Read E-Book Statistical Rethinking: A Bayesian Course with Examples in R and Stan (Chapman & Hall/CRC Texts in Statistical Science) Full ePub Kindle Online Books detail ●



Title : Read E-Book Statistical Rethinking: A Bayesian Course with Examples in R and Stan (Chapman & Hall/CRC Texts in Statistical Science) Full ePub Kindle Online isbn : 1482253445

Book synopsis Statistical Rethinking: A Bayesian Course with Examples in R and Stan builds readers' knowledge of and confidence in statistical modeling. Reflecting the need for even minor programming in today's model-based statistics, the book pushes readers to perform step-by-step calculations that are usually automated. This unique computational approach ensures that readers understand enough of the details to make reasonable choices and interpretations in their own modeling work. The text presents generalized linear multilevel models from a Bayesian perspective, relying on a simple logical interpretation of Bayesian probability and maximum entropy. It covers from the basics of regression to multilevel models.
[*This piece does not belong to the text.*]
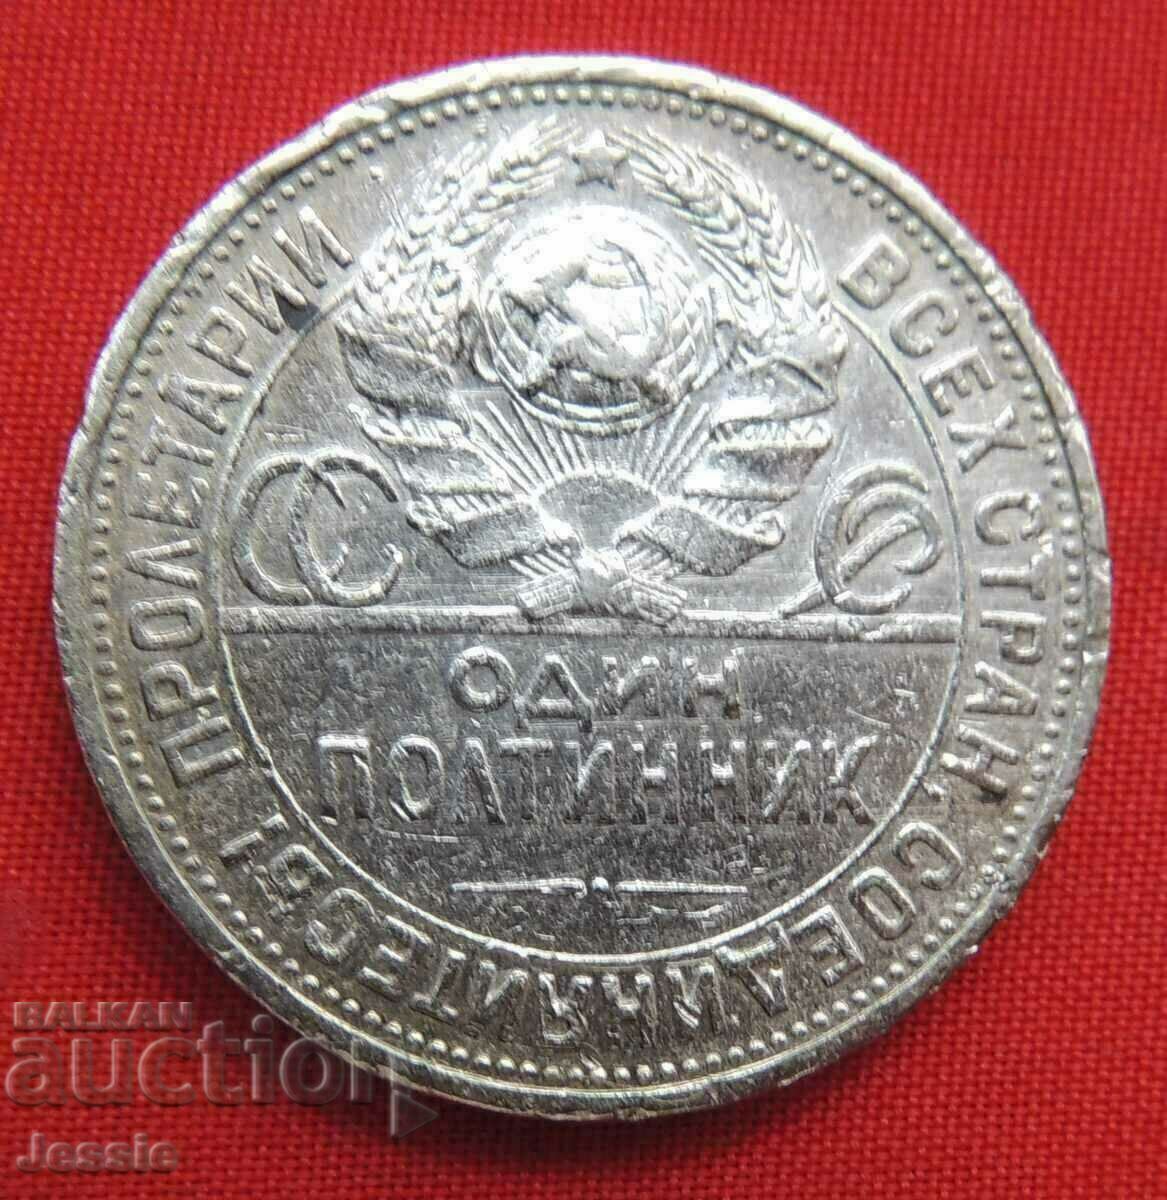 1 poltinnik 1924 PL SOVIET RUSSIA silver

The author also discusses measurement error, missing data, and Gaussian process models for spatial and network autocorrelation. By using complete R code examples throughout, this book provides a practical foundation for performing statistical inference. Designed for both PhD students and seasoned professionals in the natural and social sciences, it prepares them for more advanced or specialized statistical modeling. Web Resource The book is accompanied by an R package (rethinking) that is available on the author's website and GitHub. The two core functions (map and map2stan) of this package allow a variety of statistical models to be constructed from standard model formulas.

Related Bayesian Data Analysis, Third Edition (Chapman & Hall/CRC Texts in Statistical Science) Doing Bayesian Data Analysis: A Tutorial with R, JAGS, and Stan

R for Data Science Computer Age Statistical Inference: Algorithms, Evidence, and Data Science (Institute of Mathematical Statistics Monographs) ggplot2: Elegant Graphics for Data Analysis (Use R!) Deep Learning (Adaptive Computation and Machine Learning Series) An Introduction to Statistical Learning: with Applications in R (Springer Texts in Statistics) Bayes' Rule: A Tutorial Introduction to Bayesian Analysis Machine Learning: A Probabilistic Perspective (Adaptive Computation and Machine Learning Series) The Elements of Statistical Learning: Data Mining, Inference, and Prediction, Second Edition (Springer Series in Statistics)

A Bayesian Course with Examples in R and Stan ...

error, missing data, and Gaussian process models for spatial and network autocorrelation. By using complete R code examples throughout, this book provides a ...

97KB Sizes 2 Downloads 106 Views

Recommend Documents

A Bayesian Course with Examples in R and Stan ...
error, missing data, and Gaussian process models for spatial and network ... The Elements of Statistical Learning: Data Mining, Inference, and Prediction, ...

Bayesian Basics: A conceptual introduction with application in R and ...
exploring Bayesian data analysis for themselves, assuming they have the requisite .... of the world, expressed as a mathematical model (such as the linear ..... such as N and K, can then be used subsequently, as we did to specify dimensions. From the

Bayesian Basics: A conceptual introduction with application in R and ...
CENTER FOR STATISTICAL CONSULTATION AND RESEARCH. UNIVERSITY OF MICHIGAN. BAYESIAN ... exploring Bayesian data analysis for themselves, assuming they have the requisite context to begin with. ..... and for the next blocks, we declare the type and dim

Download Book Statistical Rethinking: A Bayesian Course with ...
PDF DOWNLOAD Statistical Rethinking: A Bayesian Course with Examples in R ... The author also discusses measurement error, missing data, and Gaussian ...

PdF Download Applied Bayesian Statistics: With R and OpenBUGS ...
PdF Download Applied Bayesian Statistics: With R and OpenBUGS ... have encountered have had only two components—the likelihood which describes the data as draws from ... software for Bayesian model- ... performing Bayesian analysis.